Given a normal distribution with μ = 48 and due south = 5, convert an x-value of 45 to a z-value and indicate where this z-value would be on the standard normal distribution.

Solution

Brainstorm by finding the z-score for x = 45 every bit follows.

At present draw each of the distributions, marking a standard score of z = −0.60 on the standard normal distribution.

The distribution on the left is a normal distribution with a hateful of 48 and a standard deviation of five. The distribution on the correct is a standard normal distribution with a standard score of z = −0.threescore indicated.

Z -scores measure out the distance of any information bespeak from the mean in units of standard deviations and are useful because they permit us to compare the relative positions of data values in unlike samples. In other words, the z-score allows u.s. to standardize ii or more normal distributions, or more than accordingly, to put them on the same calibration. Therefore, we'll be able to compare relative positions of information values within their own distribution to decide which data values are closer to or farther from the mean. A prime example for this is to compare the exam scores for two students, one who scored a 28 on the ACT (scores range from one – 36) and some other who scored a 1280 on the Sat (scores range from 400 – 1600). Who, relative to their associated exam, scored better?

Example

Suppose you are enrolled in 3 classes, statistics, biology, and kayaking, and you just took the first exam in each. You receive a grade of 82 on your statistics exam, where the mean grade was 74 and the standard deviation was 12. You receive a course of 72 on your biological science exam, where the mean grade was 65 and the standard deviation was x. Finally, you receive a grade of 91 on your kayaking exam, where the mean form was 88 and the standard deviation was six. Although your highest test score was 91 (kayaking), in which class did y'all score the all-time, relative to the residuum of the course ? We can respond this using a z-score!

Your statistics exam score was 0.67 standard deviations ameliorate than the course boilerplate; your biology score was 0.7 standard deviations better than the class average; your kayaking score was only 0.5 standard deviations better than the class average.  Therefore, fifty-fifty though your bodily score on the biology exam was the lowest of the three test scores, relative to the distribution of all class exam scores , your biological science exam score was the highest relative course.

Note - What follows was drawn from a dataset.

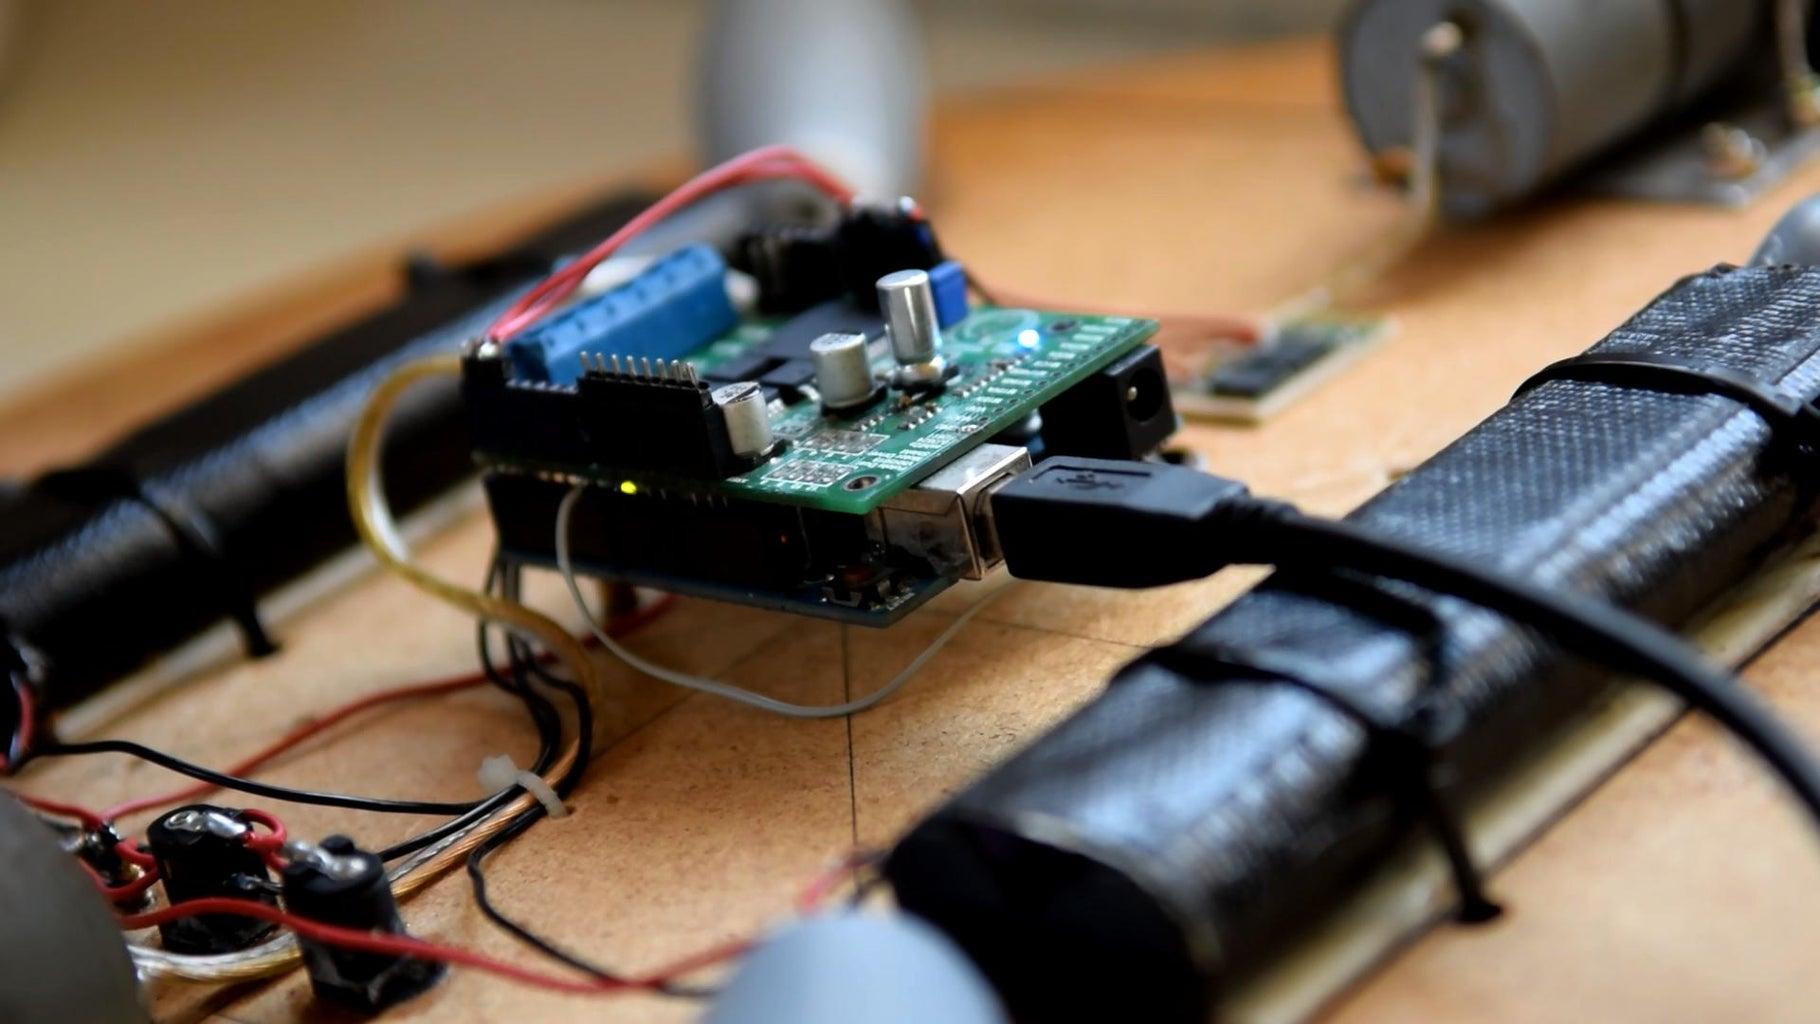 Program the Robotic Mechanism

Finding an Area (Proportion) Given a Specific Z-Value

To determine the area under the N (0, 1) bend for any data value that does not fall exactly i, 2, or three standard deviations above or beneath the hateful really requires some calculus. Lucky for united states of america, areas nether the Due north(0, one) curve tin be obtained in numerous other ways, including technology (TI-83/84, Excel) and a tabular array of values. Search the Net for "standard normal table" and you'll observe hundreds of tables illustrating z-scores and their associated areas. The bulk of these methods report the area to the left of the specified z-score z, no matter where it lies. This comes from a calculus operation of integration, which finds an surface area from the offset of a distribution (i.e., the far left-tail) up to the z-score. Two images are provided.

In that location are three types of area calculations that you volition exist performing, each requiring slightly different work:

• For areas to the left of z: just use the area provided by a table or technology.
• For areas to the right of z: considering the total area under a density curve is 1 (100%), simply calculate: one − area to the left of z ₀ .
• For areas between two z-values, say z₀ andz_i  (where z ₀< z _i): find the area to the left ofz ₁ and subtract from it the expanse to the left of z ₀ .

Finding a Z-Value Given an Expanse

This is a slightly more challenging chore than calculating an surface area, because you basically work "backwards" from an algebraic standpoint. Information technology's important to realize that a Standard Normal Table has two parts: (1) the acme and side margins, which form the tenths and hundredths of a z-score, and (2) the torso of the tabular array, which are all the area (probability) values. Also, call up that the Standard Normal Tabular array merely provides united states information on the surface area (probability) to the left of a z-score. A small excerpt of Table B from Appendix A is shown below.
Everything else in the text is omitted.